Sometimes the cure is really worse than the disease. The recently revealed Boothole security issue with GRUB2 and Secure Boot can theoretically be used to attack Linux systems. In practice, the only vulnerable Linux systems are those that an attacker has already successfully breached. However, there was the potential for damage, so almost every Linux distributor in the company has released patches. Unfortunately, at least one (Red Hat) solution did not work properly.
Many users complain that after patching Red Hat Enterprise Linux (RHEL) 8.2, it has made their systems unable to boot. It also appears that the problem affects RHEL 7.x and 8.x computers. It seems, however, to be limited to servers running on bare iron. RHEL virtual machines (VMs), which do not deal with Secure Boot firmware, work well.
RHEL is not the only Linux with this problem: CentOS 7.x and 8.x users also have problems. There have been sporadic reports of Boothole boot problems with other Linux distros.

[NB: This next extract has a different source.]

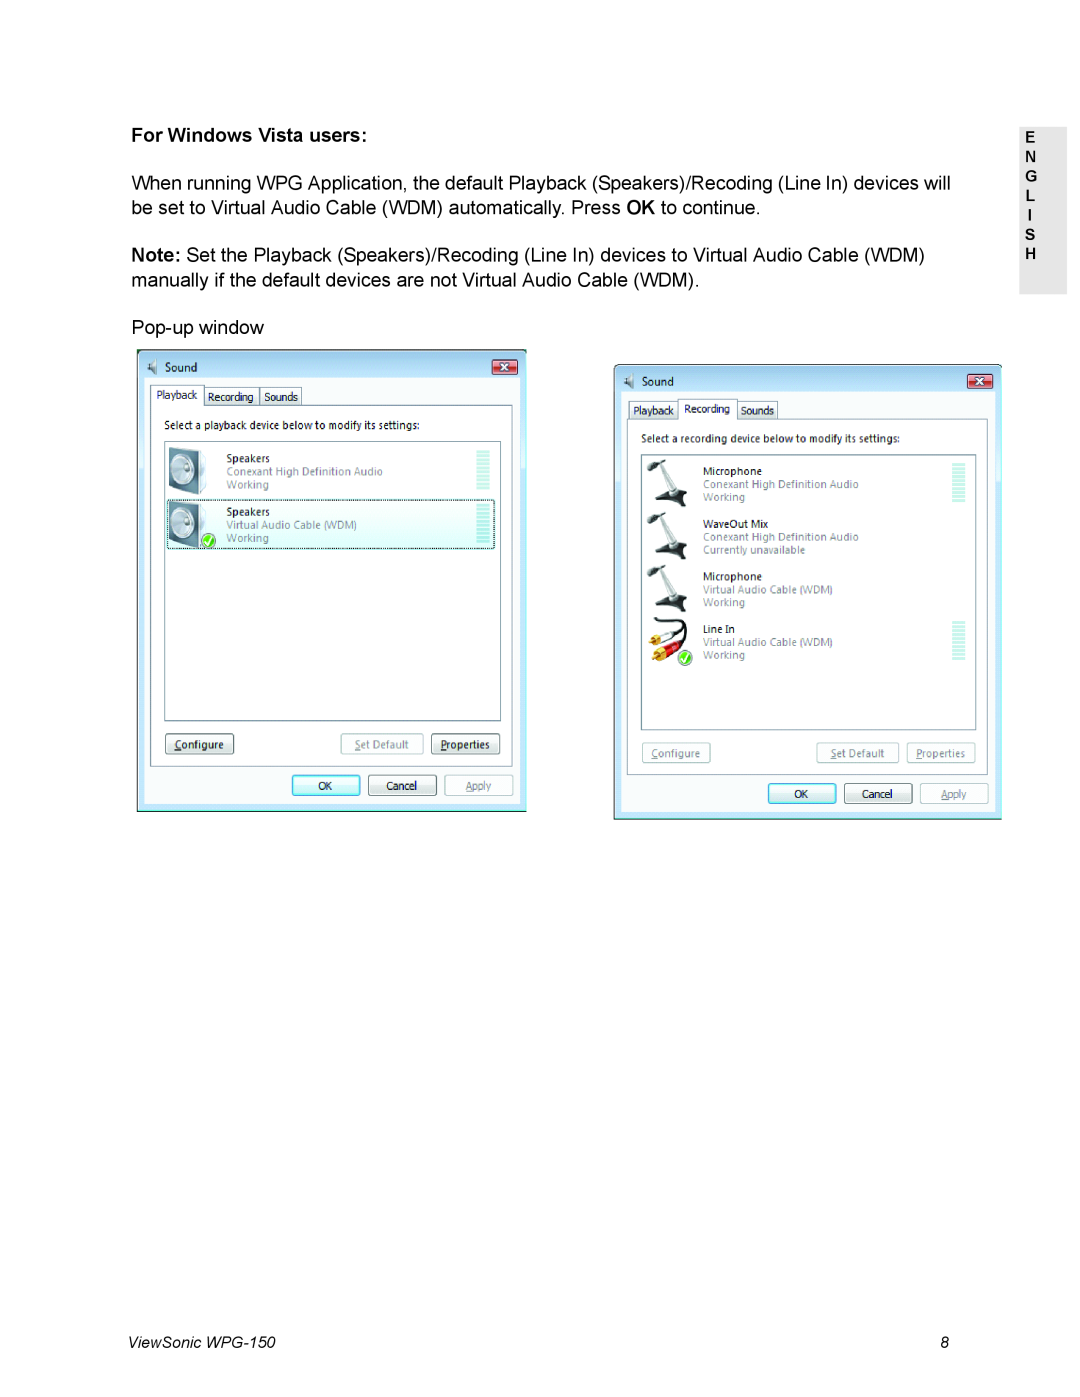 ViewSonic WPG-150 manual For Windows Vista users

A repair is underway. Peter Allor, director of the Red Hat product security incident response team, told me:
“Red Hat has been notified of a potential problem with fixing CVE-2020-10713, also known as Bootjole, so some Red Hat Enterprise Linux 7 and Red Hat Enterprise Linux 8 systems cannot reboot with success after remediation is applied, We are currently investigating this issue and will provide more information when it becomes available. “
Other Red Hat employees say the repair will be done soon. So if you haven’t hit yet, keep it out. If you have problems and have problems, help is underway.